There are no restrictions on how someone can spend the money generated from selling a mortgage note. In addition, the process of selling a property in this market can be much smoother than the regular mortgage deal.

How Does the Selling of Mortgage Notes Work?

The process is simple. We are willing to take on the risk as this is a collateral-backed security. You will need the security you received when completing your financing, called a mortgage or trust deed.

Complete our form using this information and we will give you an offer based on the current market, an appraisal of the property, the terms of the note and our competitive rates.

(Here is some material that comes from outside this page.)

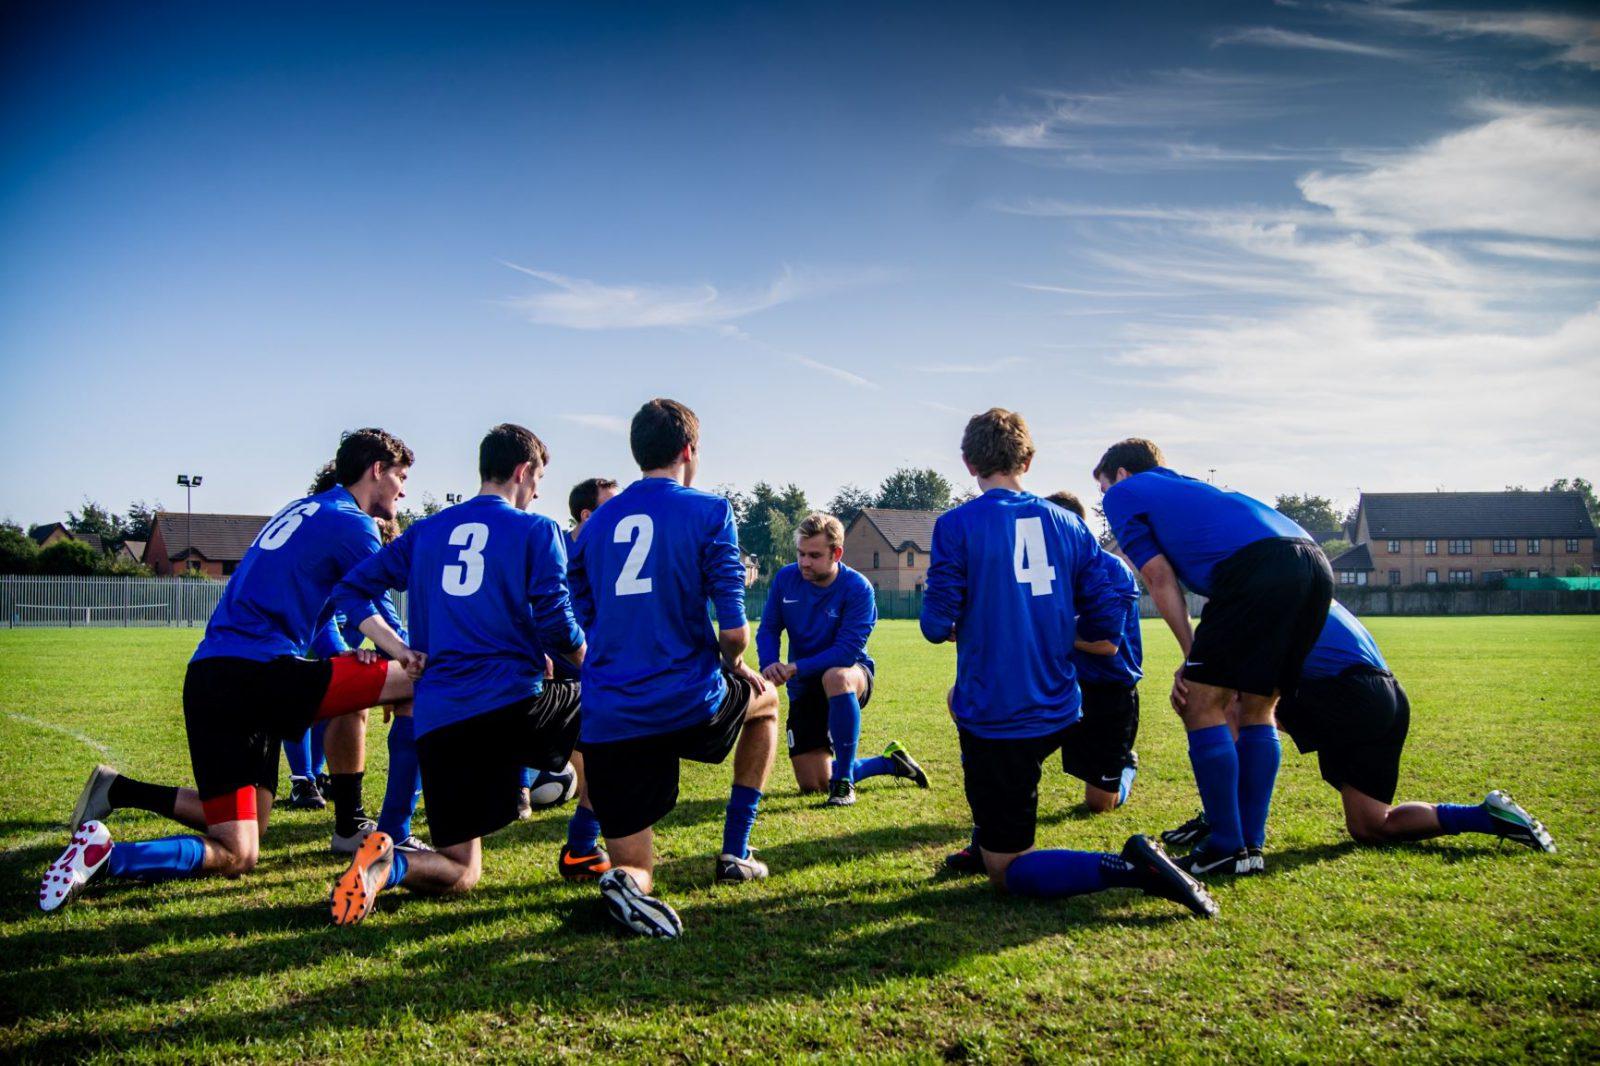 samenwerken als team

While fees for using a real estate attorney can cost you thousands, we directly fund you using our resources to give you a competitive rate. We directly provide you cash without a middle man.

Selling Options

You are not limited to the amount you have to sell. We are flexible. Decide from one of these three options for getting capital for your notes.

  • Sell all your payments
  • Sell a portion of your payments
  • Sell a percentage of each scheduled payment

How Much is my Note Worth?

You will not be getting the exact principal from your mortgage, but you can still receive a large offer. To help you understand how much money you will receive for your payments, here are the factors we use to determine the worth of your mortgage note.

  • Underwriting pay history (credit rating of the borrower)
  • Property appraisal
  • Clear title
  • First position
  • Date, Amount and Interest Rate of Remaining Payments
  • Length of Mortgage Terms
  • Down Payment Amount Placed on Note

You can find most of this information on your promissory note and deed of trust.

Tips for Getting the Best Value from Your Mortgage Sale

Not all mortgage notes have the same value. While some are difficult to sell, others can be purchased with a low discount rate, which means you get more money. Here are some insider industry tips for getting the best value from your notes:

If you have questions about any of these tips or want an estimate on your mortgage notes, call us today

  • Contracts which include a home or business as well as land are more likely to be approved.
  • You will often receive more value if you sell only a portion of your notes.
  • Get higher value when selling payments due in the next few years.
  • If your note has a shorter term overall, you receive a greater cash value on it.
  • It’s easier to sell notes with clear terms in the deed and promissory note.
  • When the market is dominated by low interest rates, the value of your mortgage is increased.
  • If a borrower has missed note payments, it will be more difficult to sell notes.
  • If a borrower has excellent credit, your discount rate will be smaller. We will not use your credit to determine the amount offered.